Jadwal ma’had hari itu adalah akidah, pelajaran yang diampu oleh beliau Al Ustadz Afifi Abdul Wadud. Meski para santri belum ada separuhnya yang datang, ustadz dengan suaranya yang lembut tetap memulai pelajaran maghrib itu. Setelah ustadz membuka pelajaran dengan tahmid kepada Allah dan solawat kepada Nabi dan mulai menyampaikan materi, peserta mulai bertambah satu per satu. Entah itu santri, atau pun non santri, karena memang pelajaran ini juga dibuka untuk umum.

Yang menarik perhatianku maghrib itu adalah hadirnya beberapa orang anak SMA yang masih lengkap dengan atribut sekolahnya. Celana abu-abu, kemeja putih yang dimasukkan ke dalam celana, lengkap dengan tas ransel yang terlihat sangat penuh. Begitu duduk, mereka bersegara mengeluarkan binder dari ransel mereka, untuk segera mencatat apa yang di sampaikan oleh Al Ustadz. Dari guratan wajahnya yang terlihat lelah, dan ditambah dengan atribut lengkap yang digunakannya, aku yakin 3 orang anak SMA ini baru pulang dari sekolahnya.

Benarlah dugaanku, ketika pelajaran break karena solat Isya, aku pun menghampiri salah seorang dari mereka untuk memastikan dugaanku tadi.

“Baru pulang ya dik?” tanyaku

“Belum pulang ke rumah mas, dari sekolah langsung ke sini” jawabnya.

Maa Sya Allah pikirku. Aku dulu SMA yang pulang jam 4 saja sudah luar biasa capeknya. Mereka yang pulang magrib, masih bisa menghadiri majlis ilmu.

“Kok lama banget sekolahnya? Itu belajar sampai magrib?” penasaranku kembali

“Wah, ini udah lumayan cepat mas. Biasa kita di sekolah sampai jam setengah sepuluh malam”

“Lah ngapain aja sampai malam?” tanyaku lagi

“macam-macam mas kegiatannya” timpalnya.

Melihat mereka datang saja aku tercengang, ditambah dengan obrolan ini tentu membuat aku semakin tercengang, bahkan mungkin ingin menangis dibuatnya. Tak tahu kenapa. Dan entah kenapa pula aku tergerak untuk menceritakannya.

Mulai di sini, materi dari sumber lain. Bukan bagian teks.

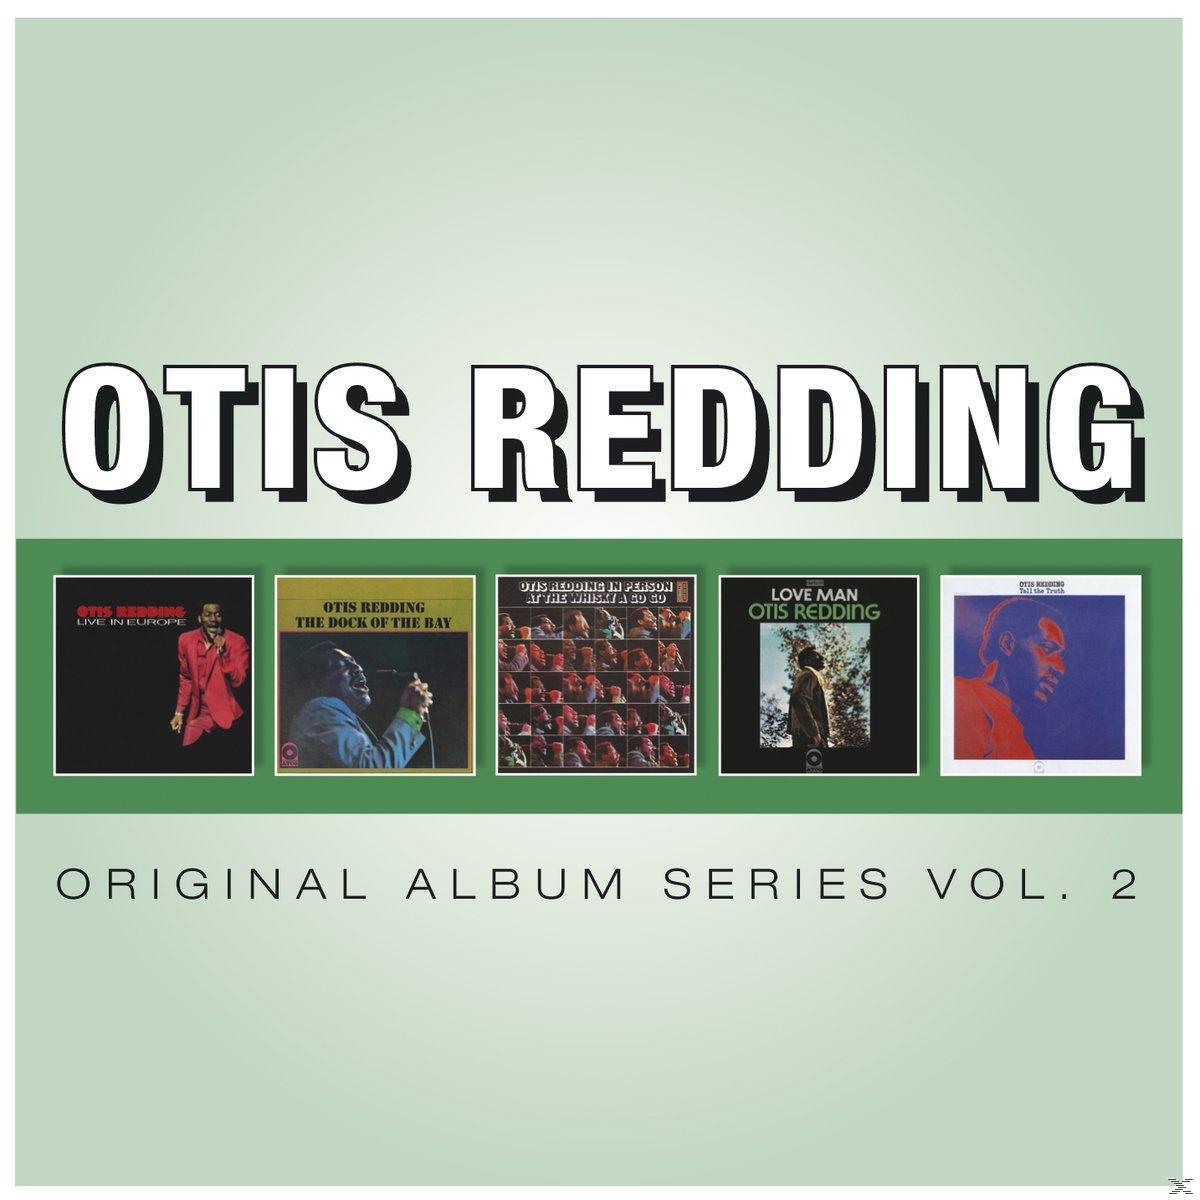 - Original - (CD) 2 Vol. Series Redding Otis Album

Mungkin, karena hati ini hanya iri kepada mereka, atau karena penyesalan yang ada pada diri. Mereka di kelas 2 SMA, sudah mulai mengenal kebenaran dan mau mendatangi majlis ilmu. Mungkin mereka harus meninggalkan aktivitas mereka yang lain yang harusnya mereka lakukan di sekolah. Mungkin juga mereka akan mendapatkan ejekan dari teman-teman mereka karena dianggap cupu karena mau belajar agama. Disaat teman-teman mereka menganggap SMA adalah masa untuk bersenang-senang (terutama kelas 2), mereka sudah sadar bahwa menuntut ilmu agama itu harus dilakukan sedini mungkin. Kemungkinan-kemungkinan itu telah mereka miliki ketika mereka baru kelas 2 SMA. Yang membuat ku sedih dan iri mungkin, jika memikirkan diriku. 

Dimana aku ketika aku kelas 2 SMA? Jangankan mendatangi majlis ilmu, apa itu majlis ilmu saja bahkan aku mungkin tak tahu. Tahu pun aku, mungkin waktu itu aku hanya mencela mereka yang mau mendatangi majlis ilmu.

Kami bersyukur kepada Allah atas nikmat petunjuk yang telah diberikannya. Semoga Allah menambahkan hidayahnya kepada kami. Dan semoga kami bisa istiqomah di jalannya yang lurus.